A verbatim copy of all the data is required; the pictures should not appear in it.

[Material provided]
====

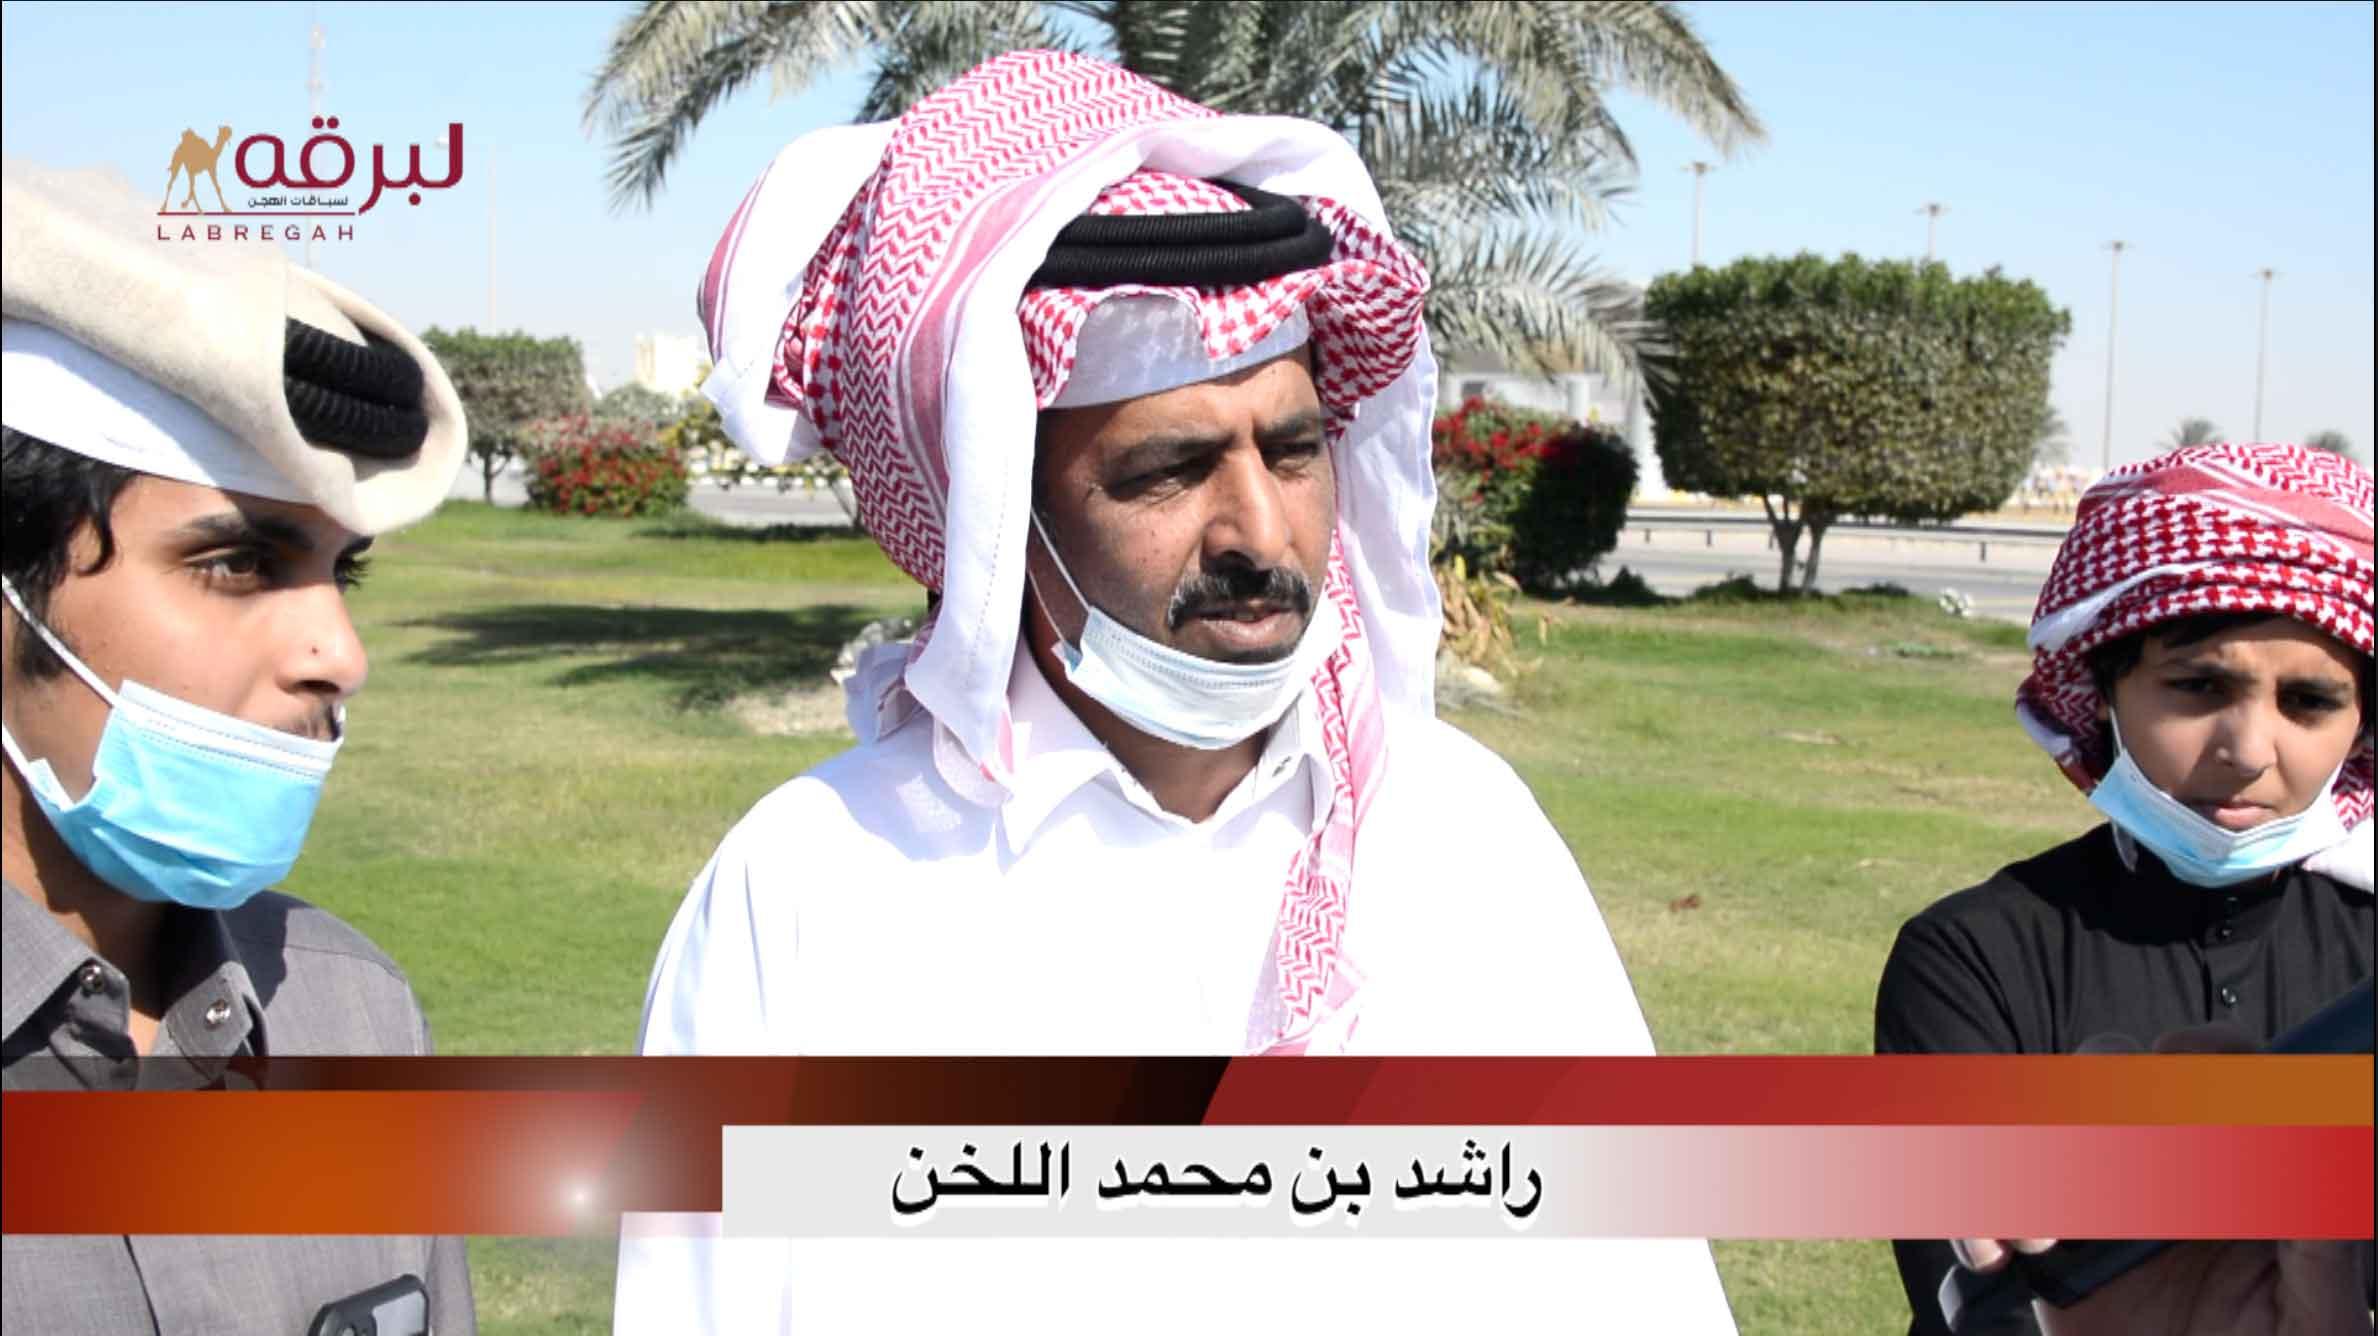 لقاء مع راشد بن محمد اللخن. الشوط الرئيسي جذاع بكار « إنتاج » الأشواط العامة  ١٣-٢-٢٠٢١
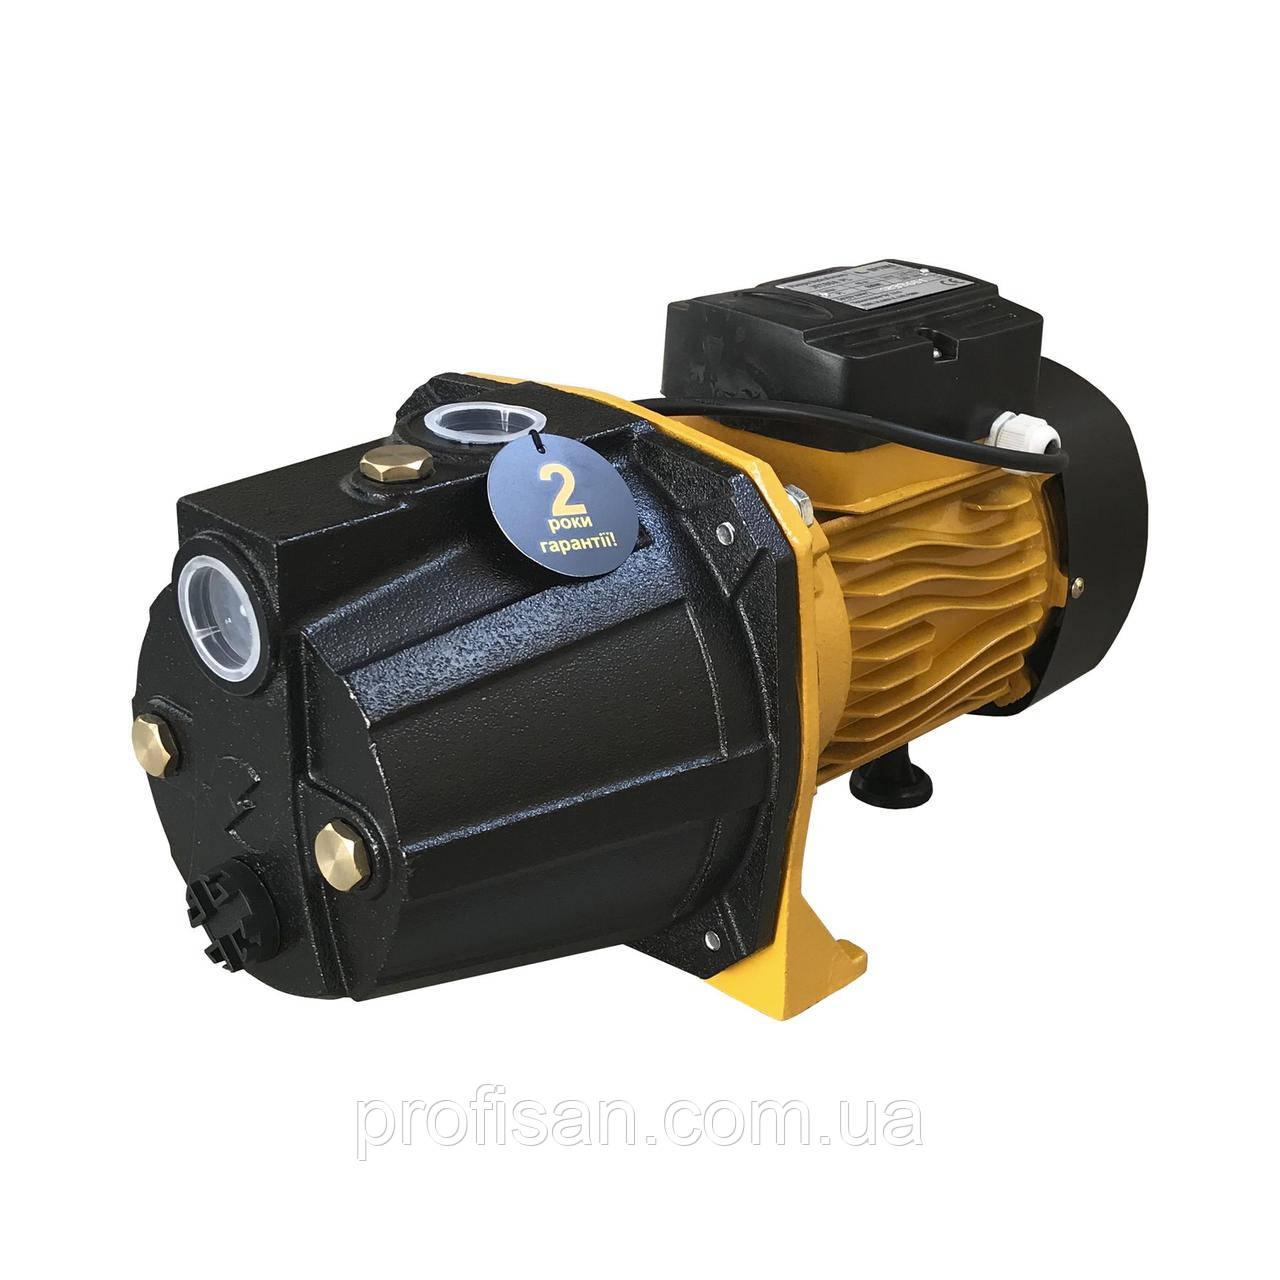 Насос відцентровий JET Optima 80A 0,8 кВт чавун короткий
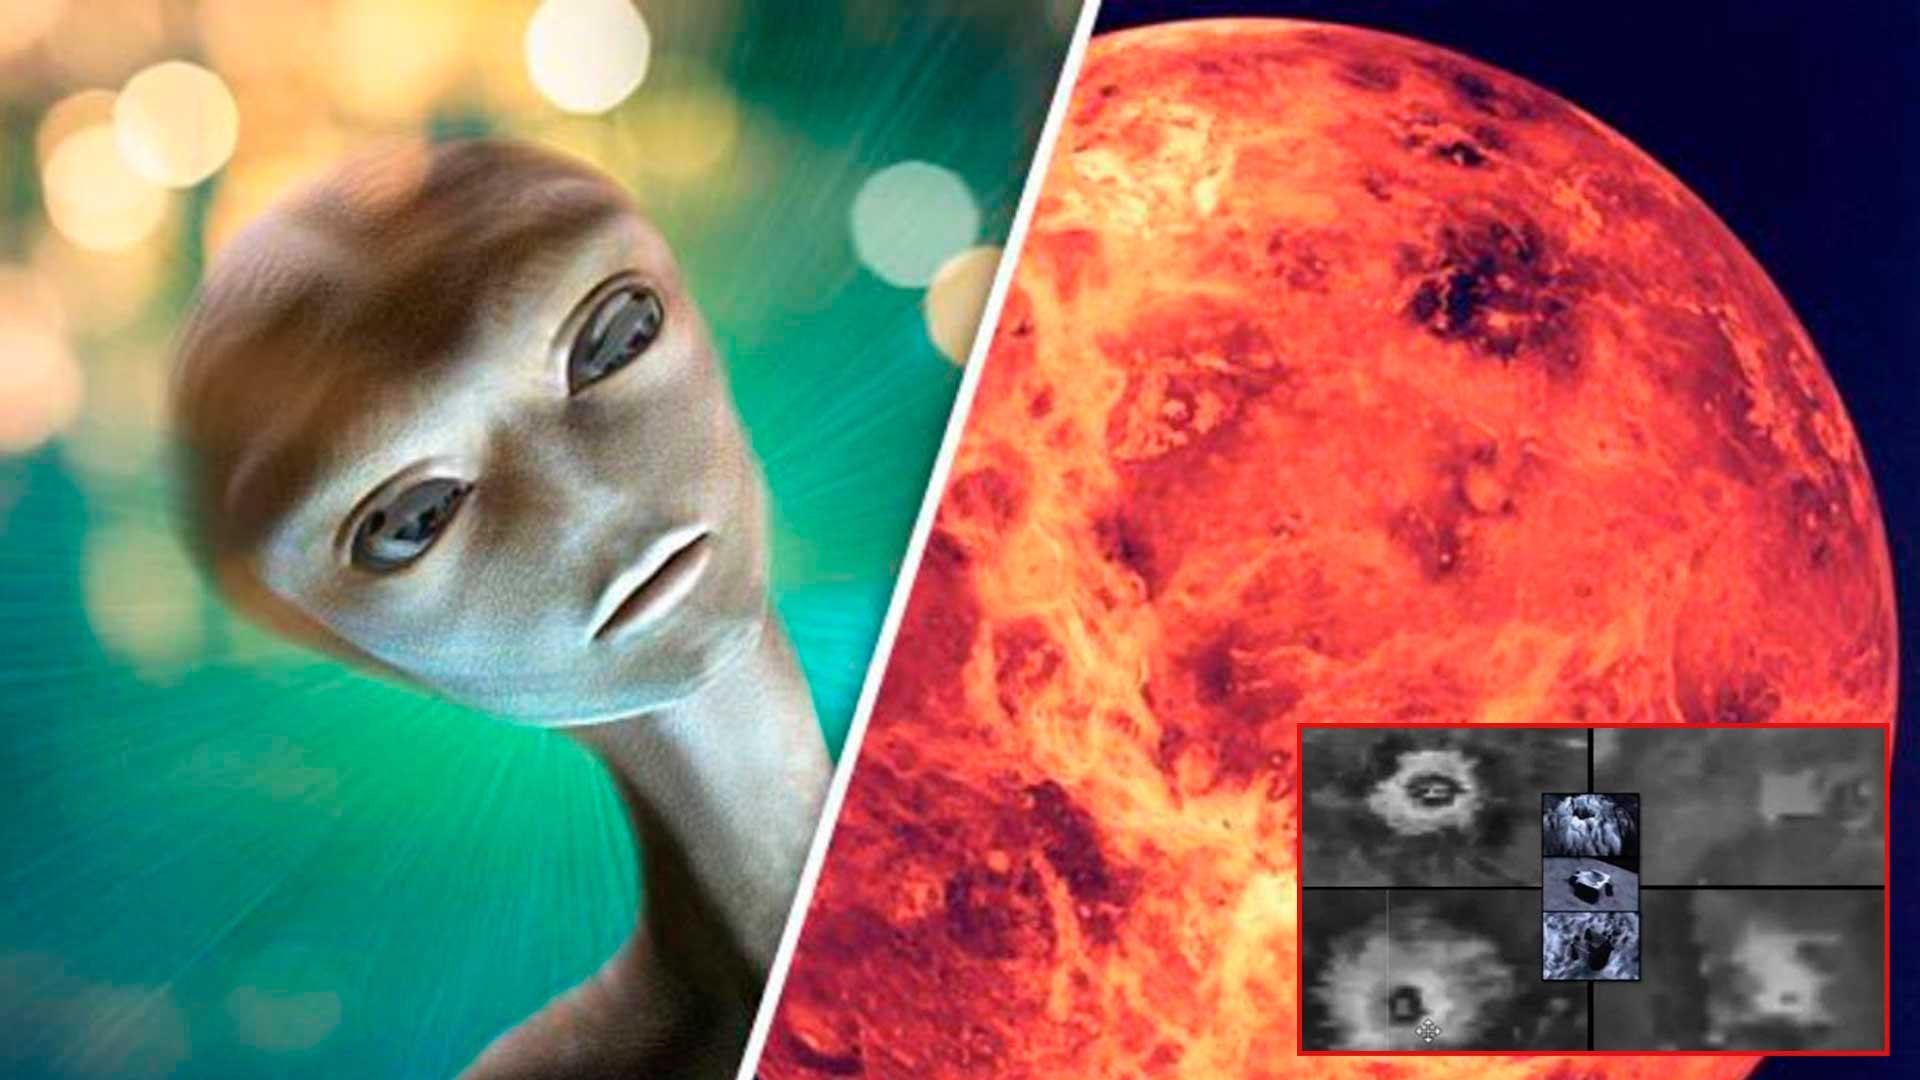 Según RT planeta Venus está lleno de Ciudades y seres vivos y la NASA lo ha ocultado
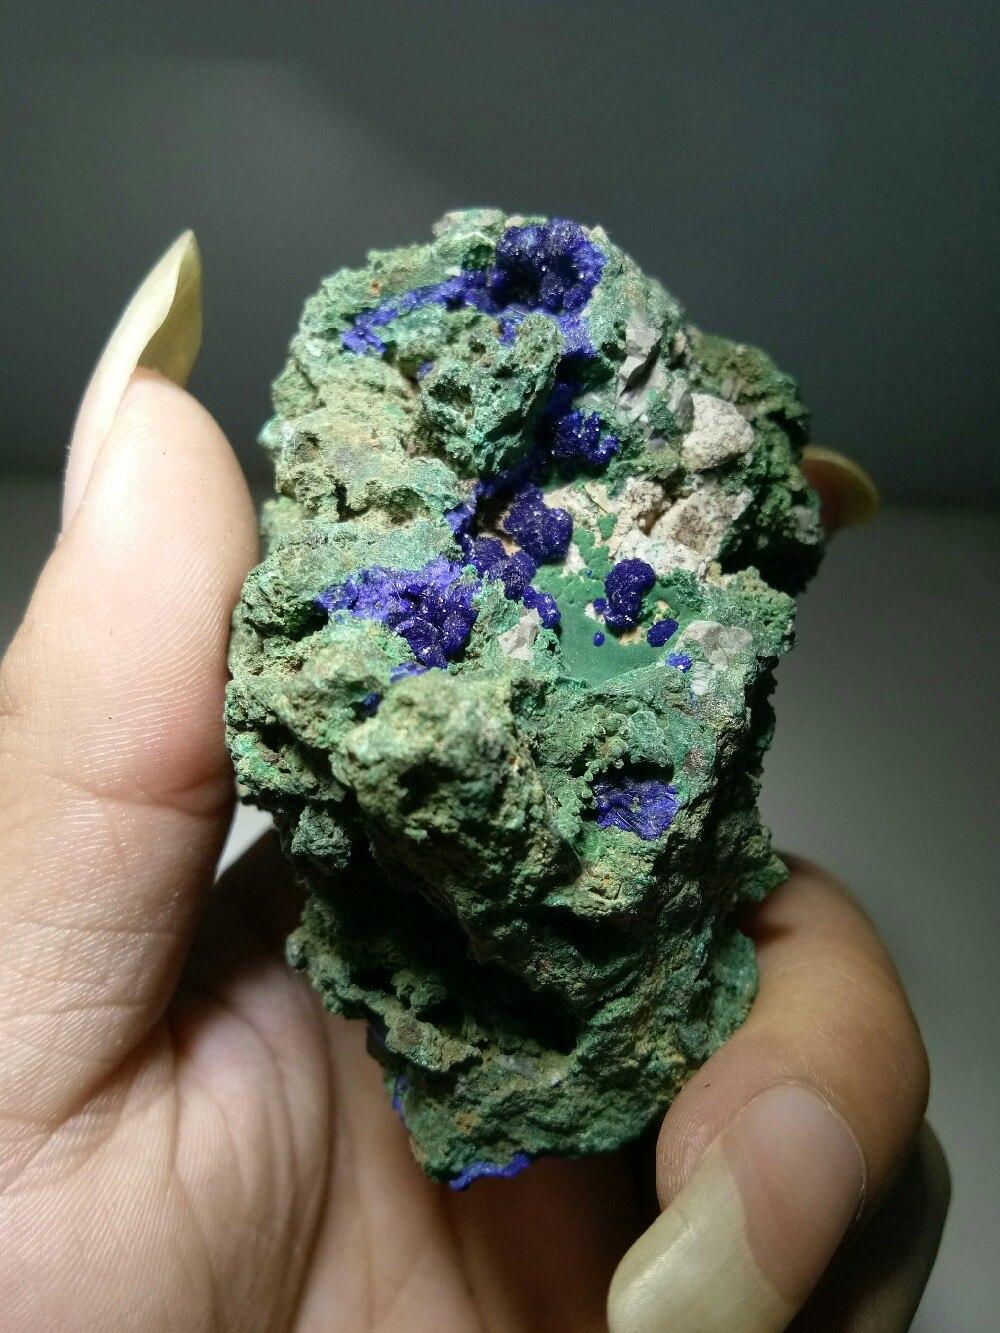 Pierres naturelles minéraux roche Malachite AzuriteCrystal échantillons minéraux Quartz cristal gemme pierre minerai échantillon collection

====

[Answer below]
 لقاء مع راشد بن محمد اللخن. الشوط الرئيسي جذاع بكار « إنتاج » الأشواط العامة  ١٣-٢-٢٠٢١
 Насос відцентровий JET Optima 80A 0,8 кВт чавун короткий
 Según RT planeta Venus está lleno de Ciudades y seres vivos y la NASA lo ha ocultado
 Pierres naturelles minéraux roche Malachite AzuriteCrystal échantillons minéraux Quartz cristal gemme pierre minerai échantillon collection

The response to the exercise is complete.